Court scrambles to find dates for businessman's sexual assault retrial

Dartmouth businessman's new trial on sex assault charges delayed by a year

The Nova Scotia Supreme Court is now scrambling to find new trial dates for Michael Raymond Kobylanski after a jury failed to reach verdicts on four charges following the Dartmouth businessman's sexual assault trial.

Last week, a jury convicted the 41-year-old of assault, found him not guilty of choking, but said it couldn't come to decisions on charges of sexual assault, uttering threats, confinement and committing a sexual assault with a weapon.

The charges relate to incidents in 2014 and 2015 when Kobylanski is accused of threatening and assaulting a 17-year-old girl who worked for him.

Kobylanski will go on trial again for the four outstanding charges and he was in court Thursday morning to set new dates.

Crown and defence requested 13 days for the new trial because the jury deliberated for three days in his last trial.

For now, Kobylanski's new trial is tentatively scheduled to begin in April of next year.

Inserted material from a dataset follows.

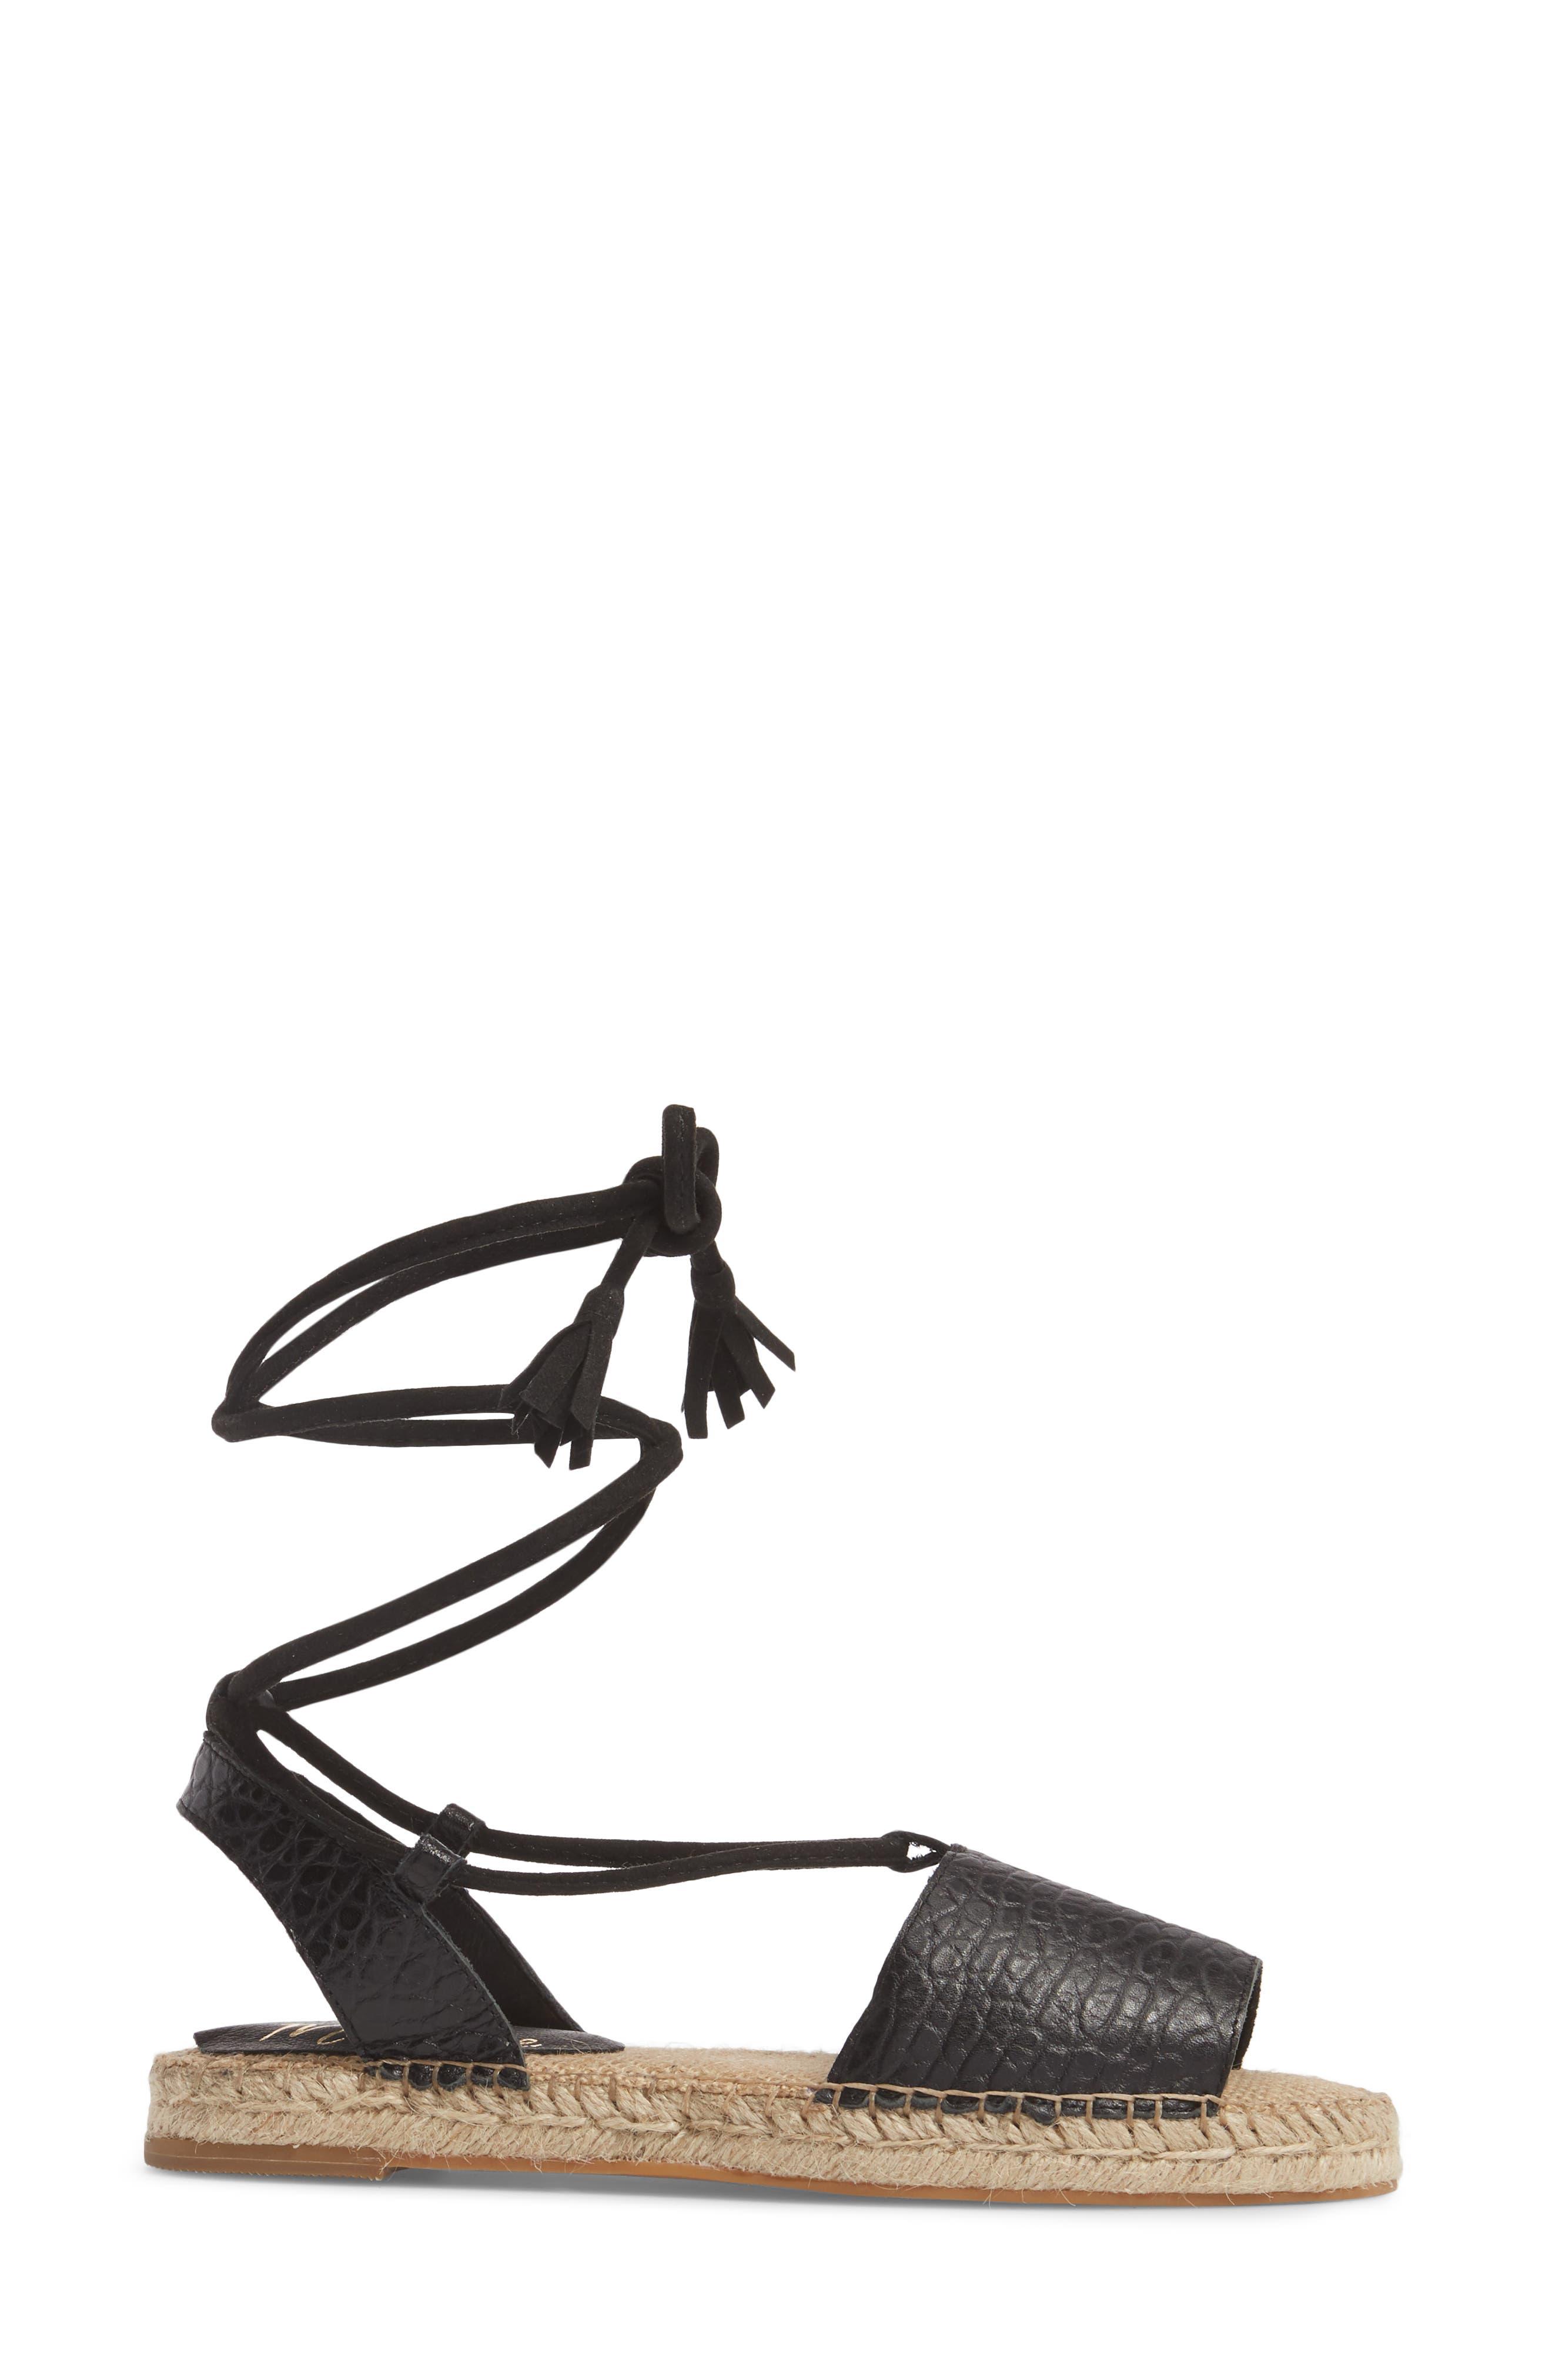 Amuse Society x Matisse La Vita Sandal,                             Alternate thumbnail 3, color,                             BLACK LEATHER

But those dates fall outside the new 30-month time limits imposed on trials by the Supreme Court of Canada.

In court Thursday morning, Crown prosecutor Susan MacKay said Kobylanski will reach that 30-month deadline next January.

Court officials will spend the next two weeks trying to find 13 days this fall to hold his trial.

He is scheduled to be sentenced on the assault charge next month.